RECORDED DATA →
----------------------------------------

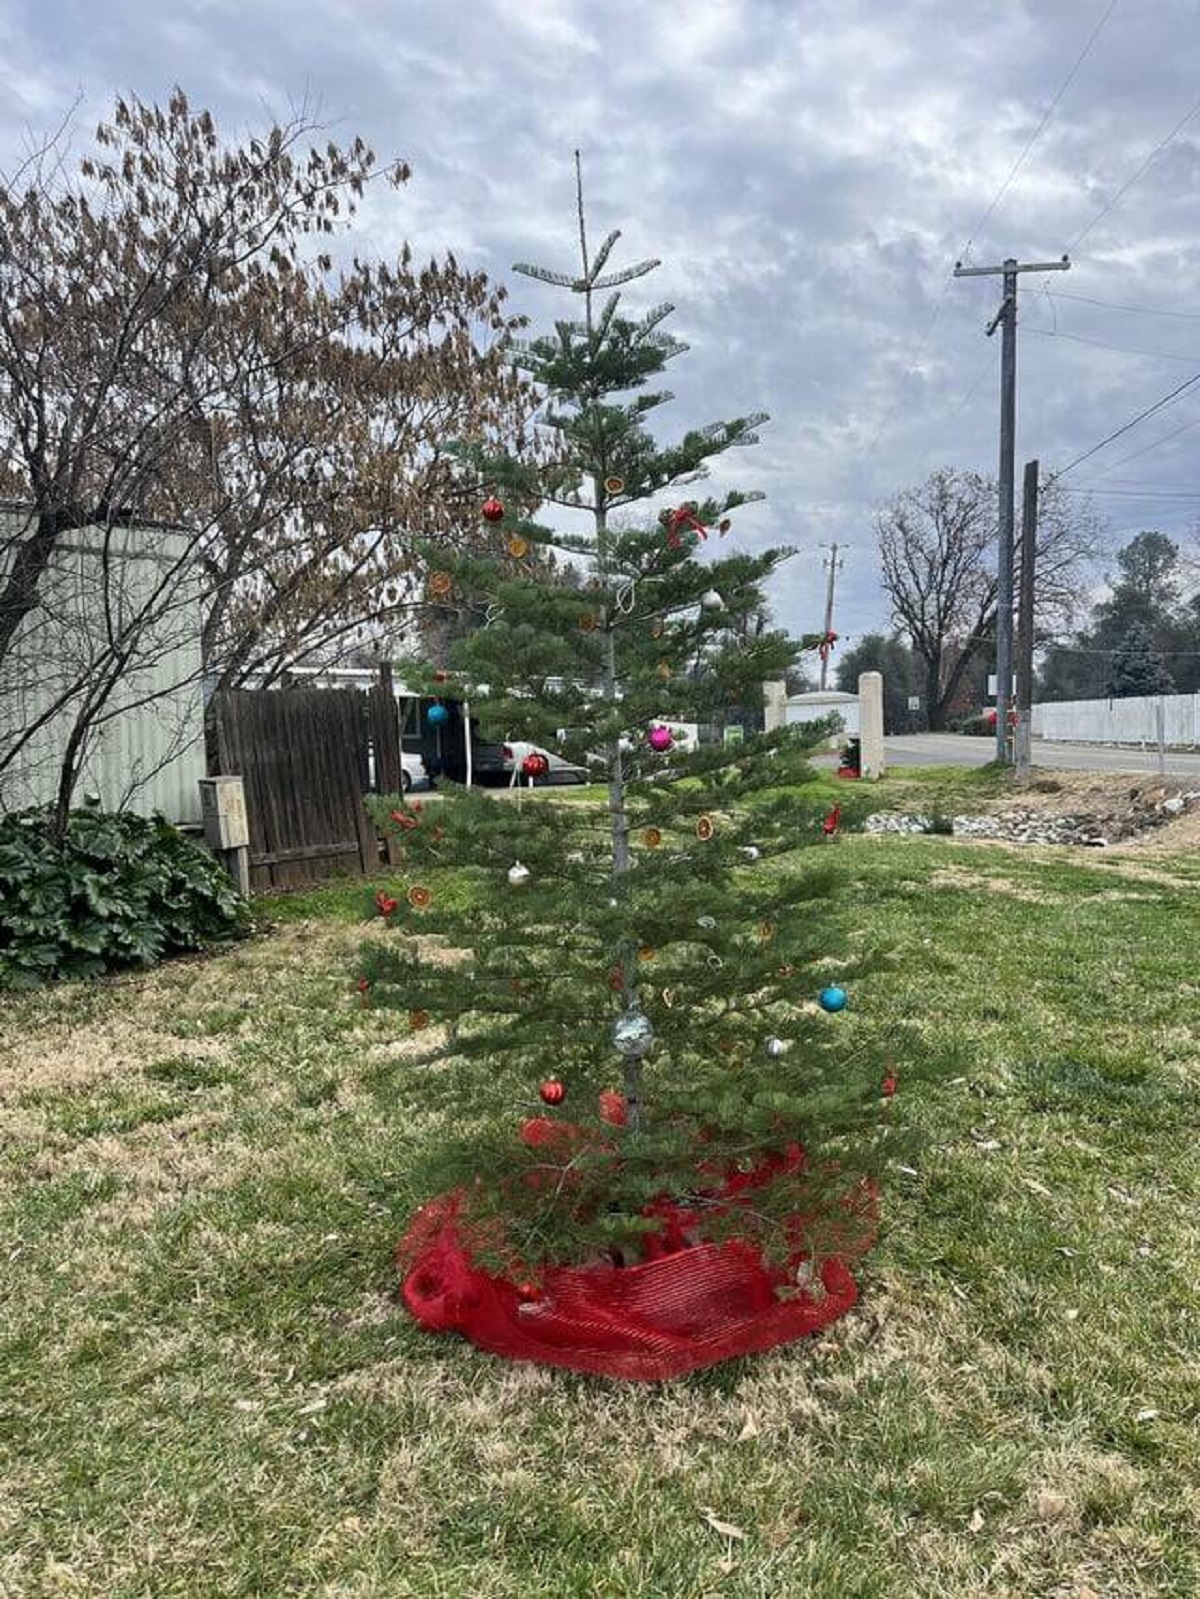 "Surprised a mobile home park with a 10ft Christmas tree and it was stolen the next day"
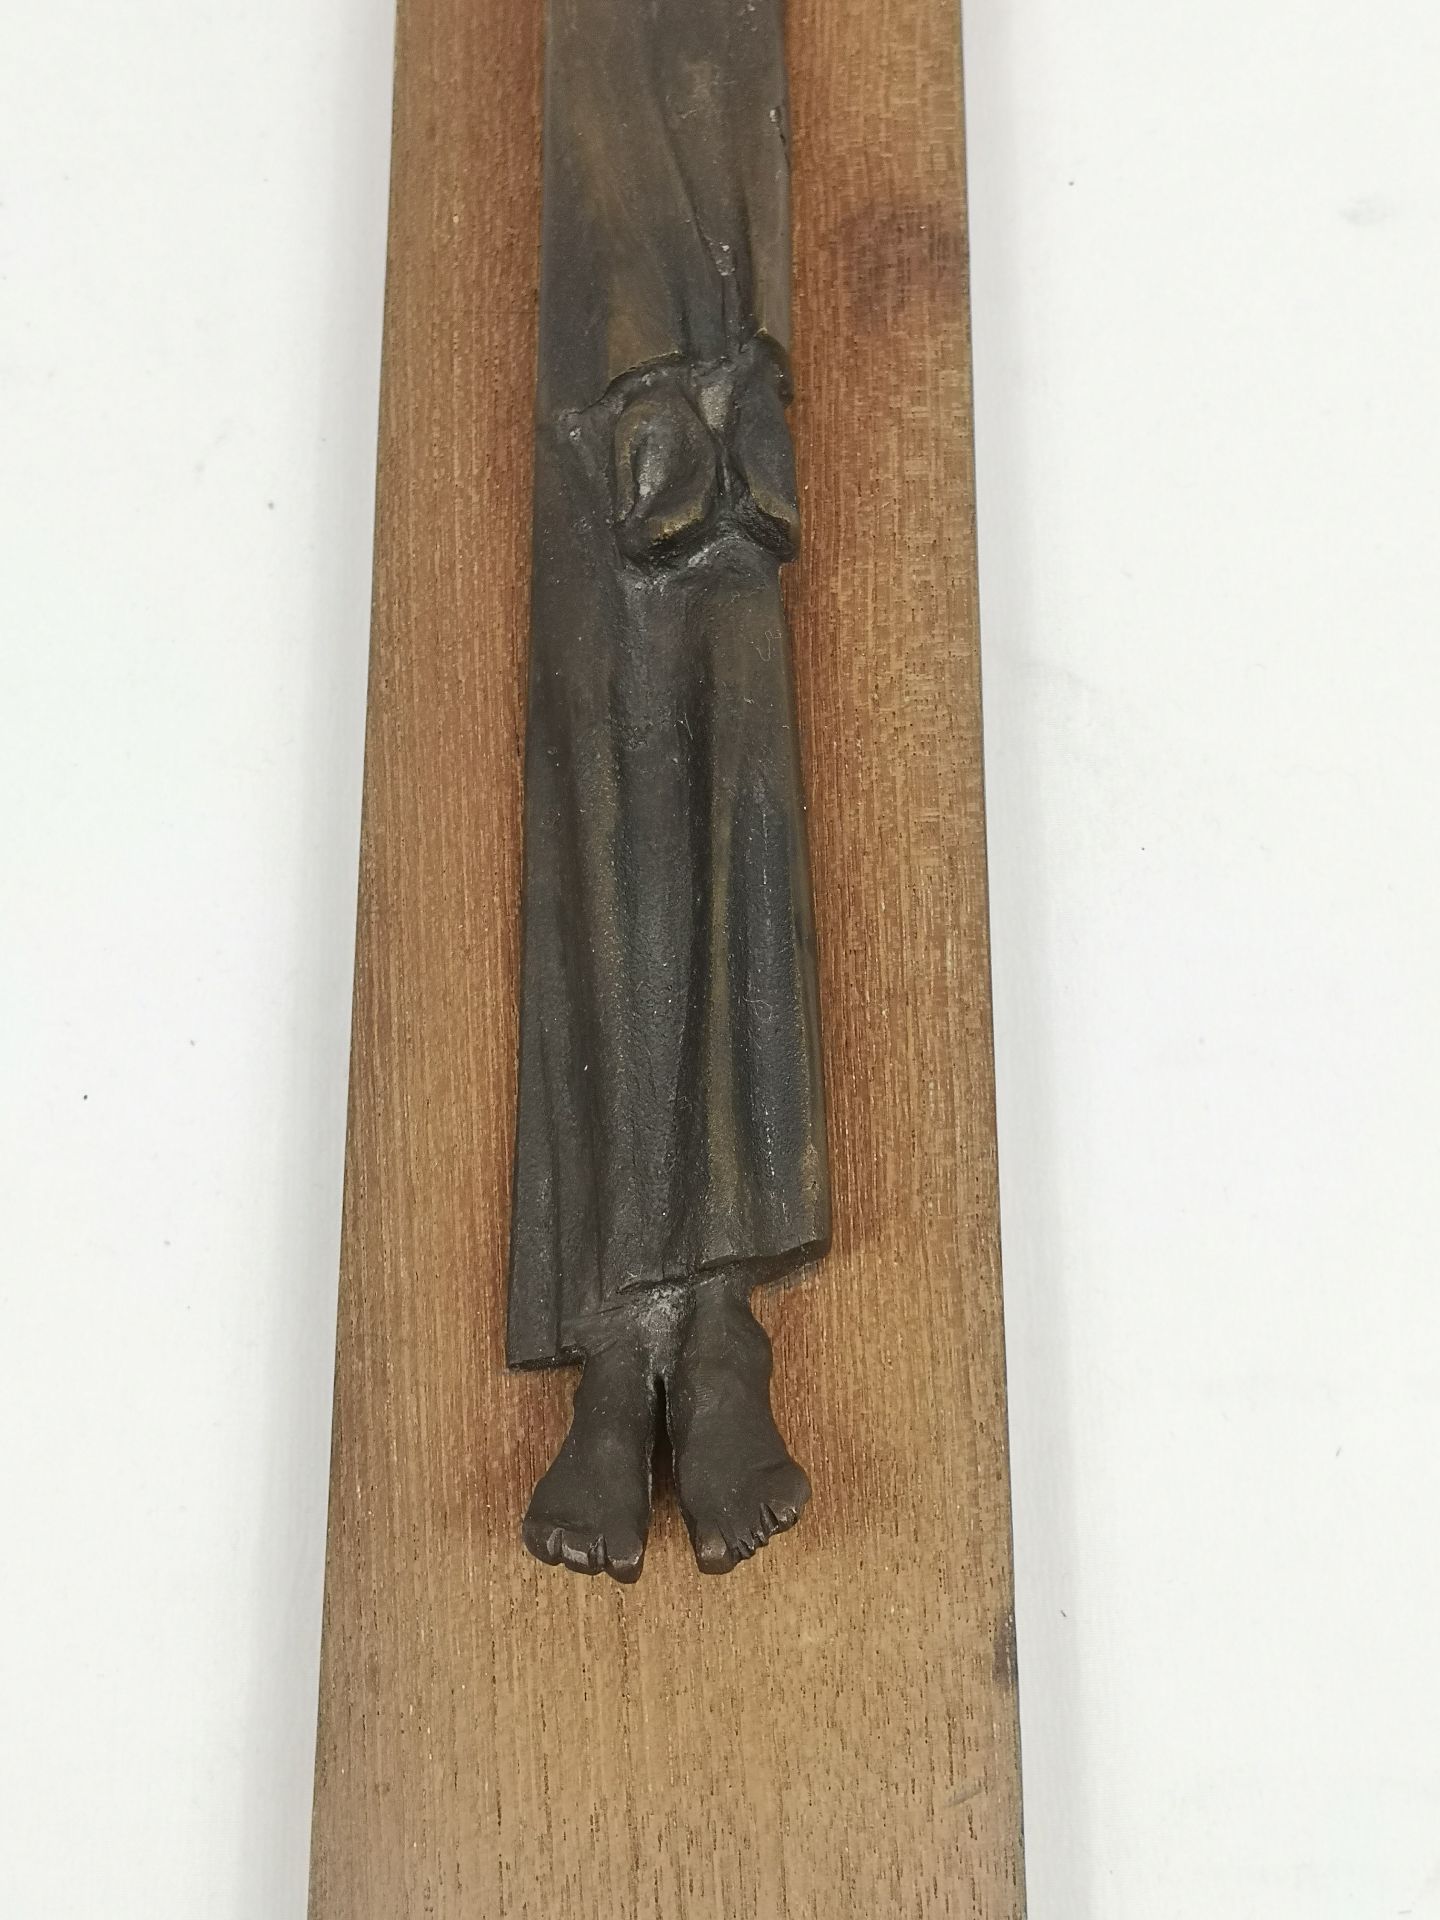 Bronze figure of Christ mounted on wood, stamped S. J. Lowcock - Image 4 of 4
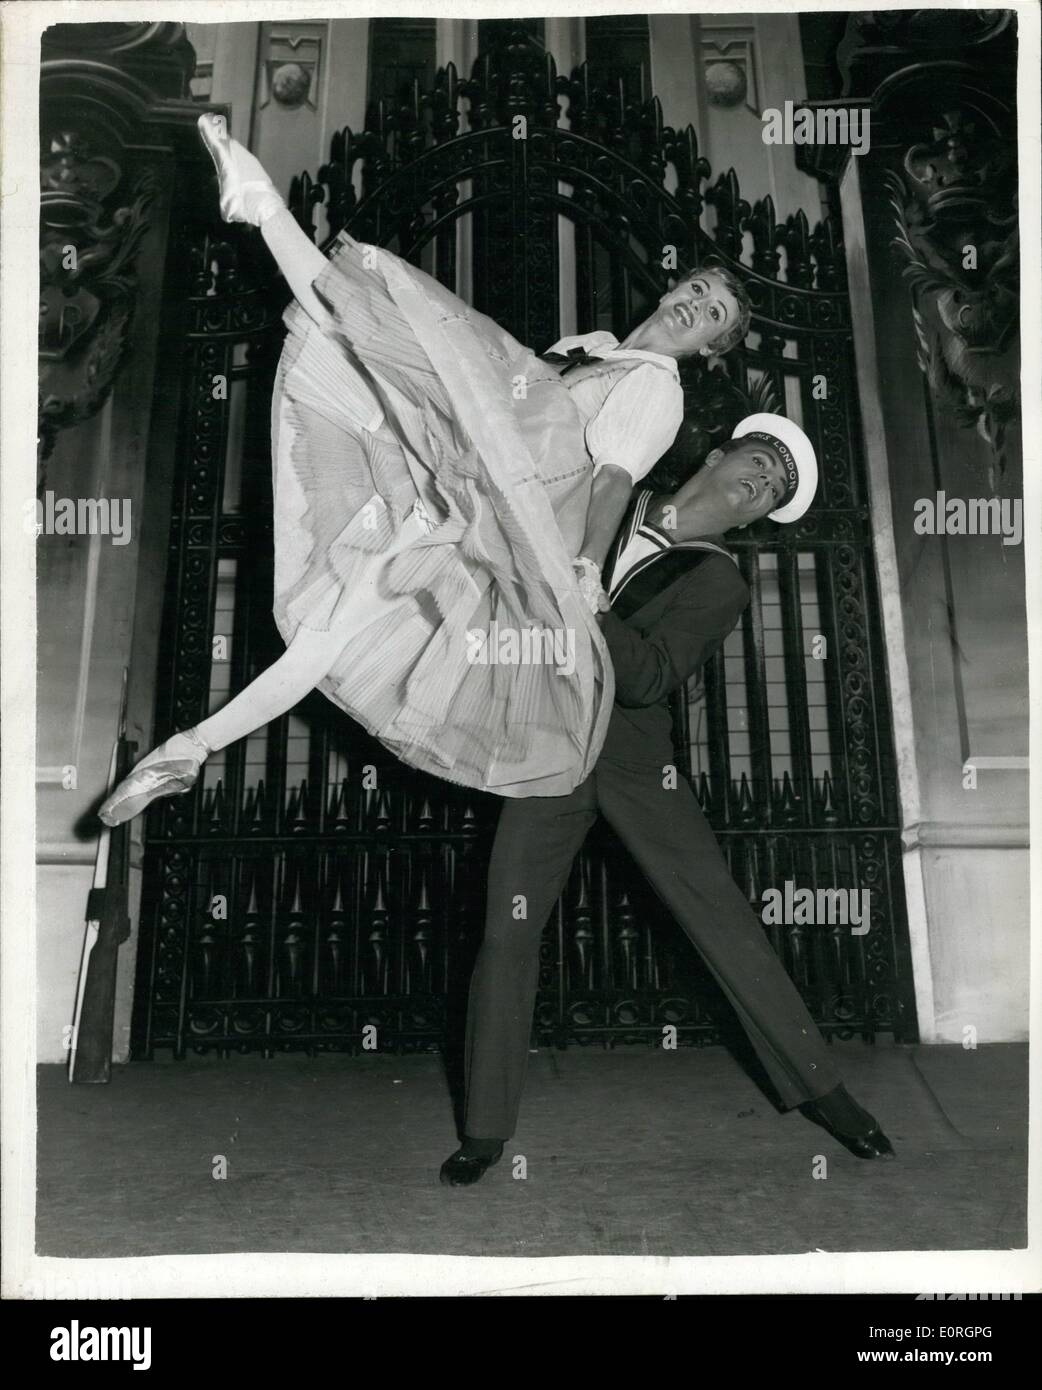 Jul. 07, 1959 - Noel Coward Ballet Rehearsal: A rehearsal was held this morning of the Noel Coward ballet ''London Morning'' which opens this evening at Royal Festival Hall. Photo shows John Gilpin and Jeannette Minty during the rehearsal today. Stock Photo
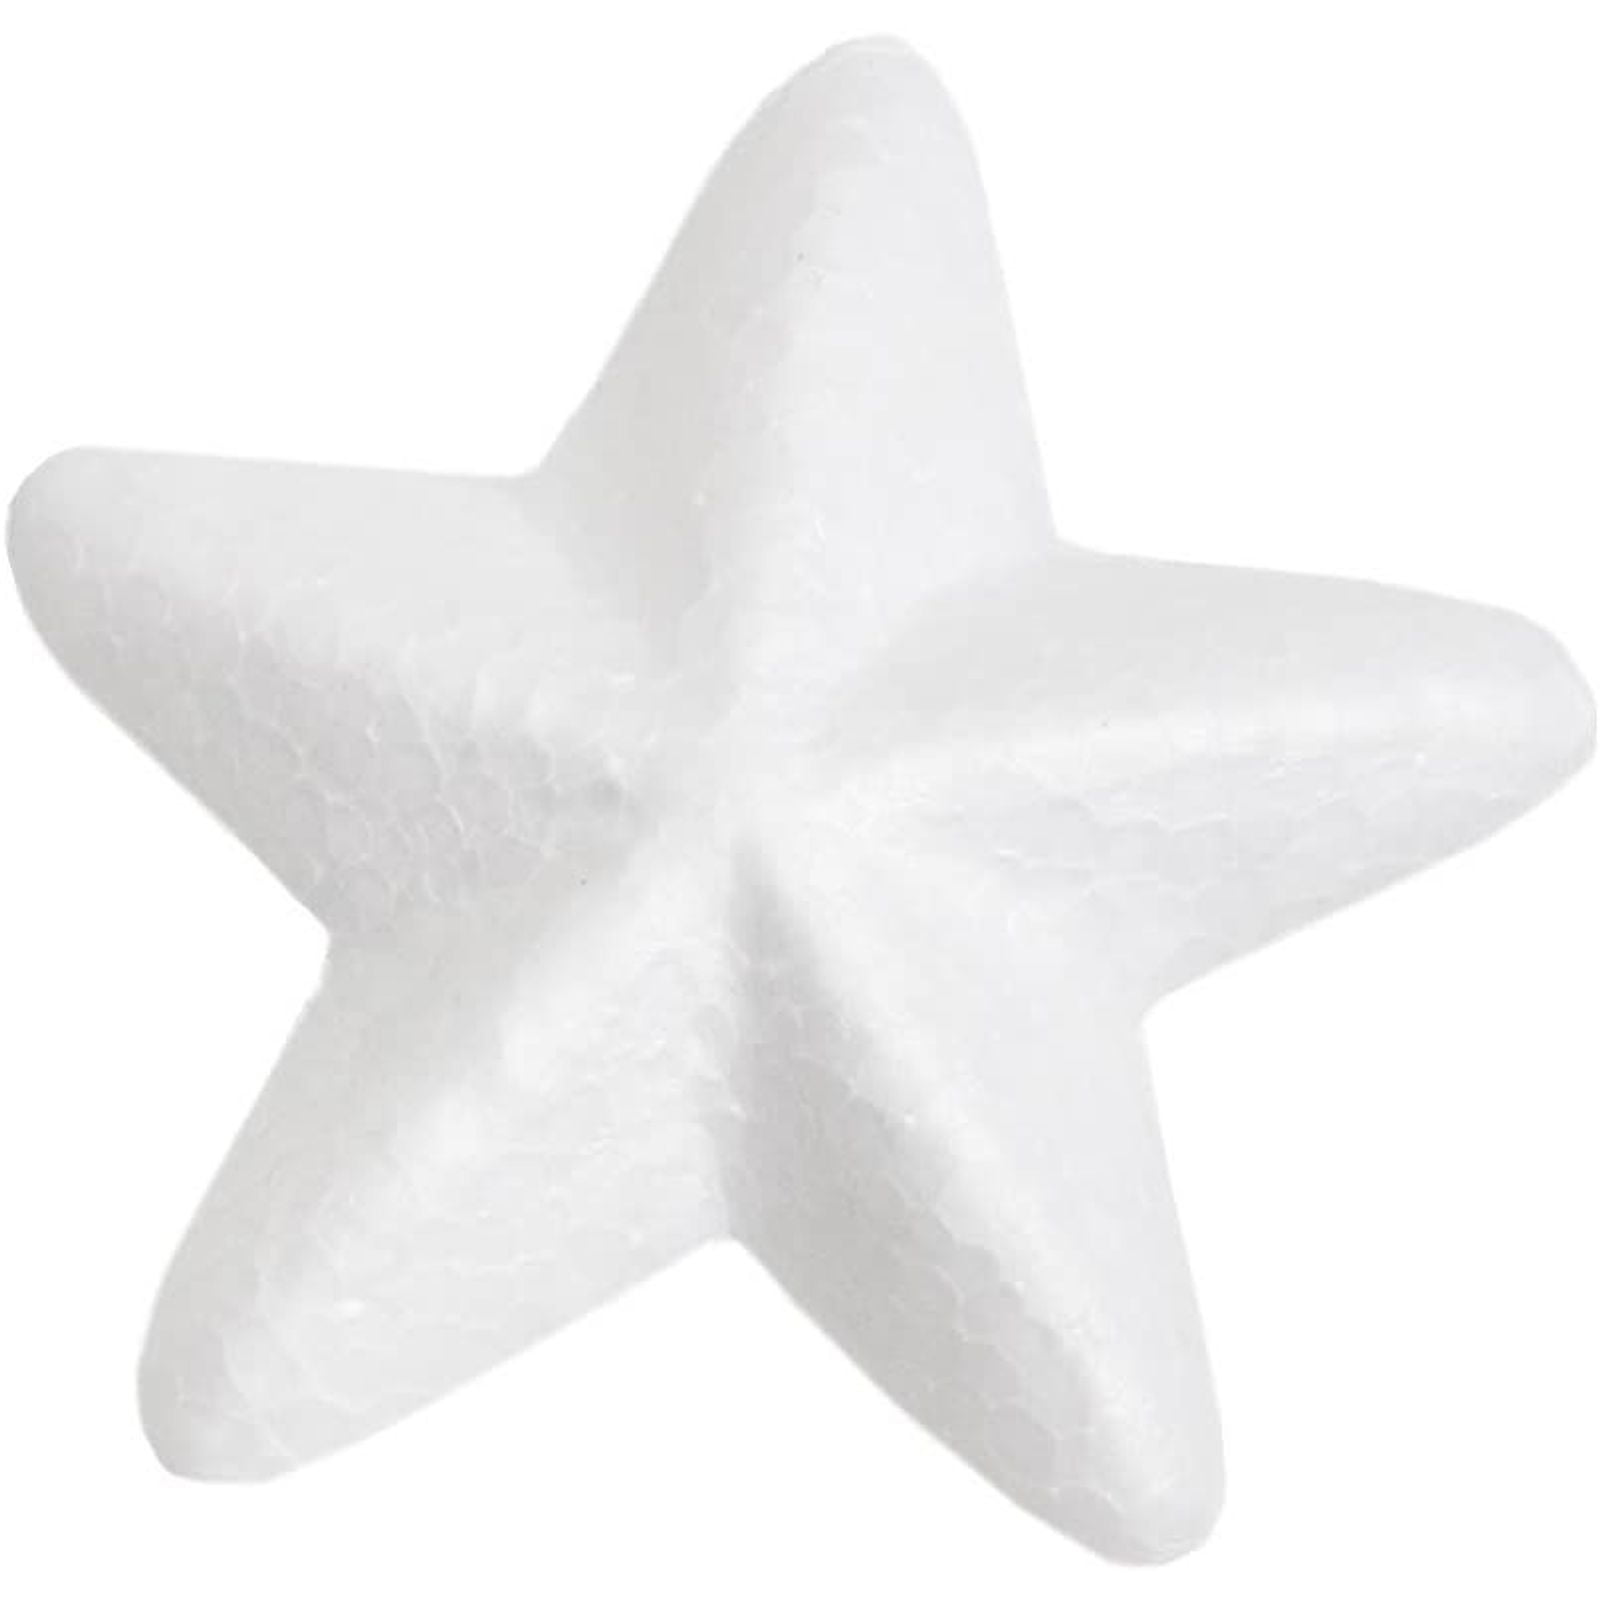 2.3 x 0.875 x 2.3 inches Makes DIY Ornaments and Decorations White 24-Piece Star-Shaped Polystyrene Foam for Arts and Craft Use Craft Foam Stars

----------------------------------------

ASSIGNMENT →
Transcribe all of the data above verbatim but omit every picture.

ANSWER →
 "Surprised a mobile home park with a 10ft Christmas tree and it was stolen the next day"
 Bronze figure of Christ mounted on wood, stamped S. J. Lowcock - Image 4 of 4
 Jul. 07, 1959 - Noel Coward Ballet Rehearsal: A rehearsal was held this morning of the Noel Coward ballet ''London Morning'' which opens this evening at Royal Festival Hall. Photo shows John Gilpin and Jeannette Minty during the rehearsal today. Stock Photo
 2.3 x 0.875 x 2.3 inches Makes DIY Ornaments and Decorations White 24-Piece Star-Shaped Polystyrene Foam for Arts and Craft Use Craft Foam Stars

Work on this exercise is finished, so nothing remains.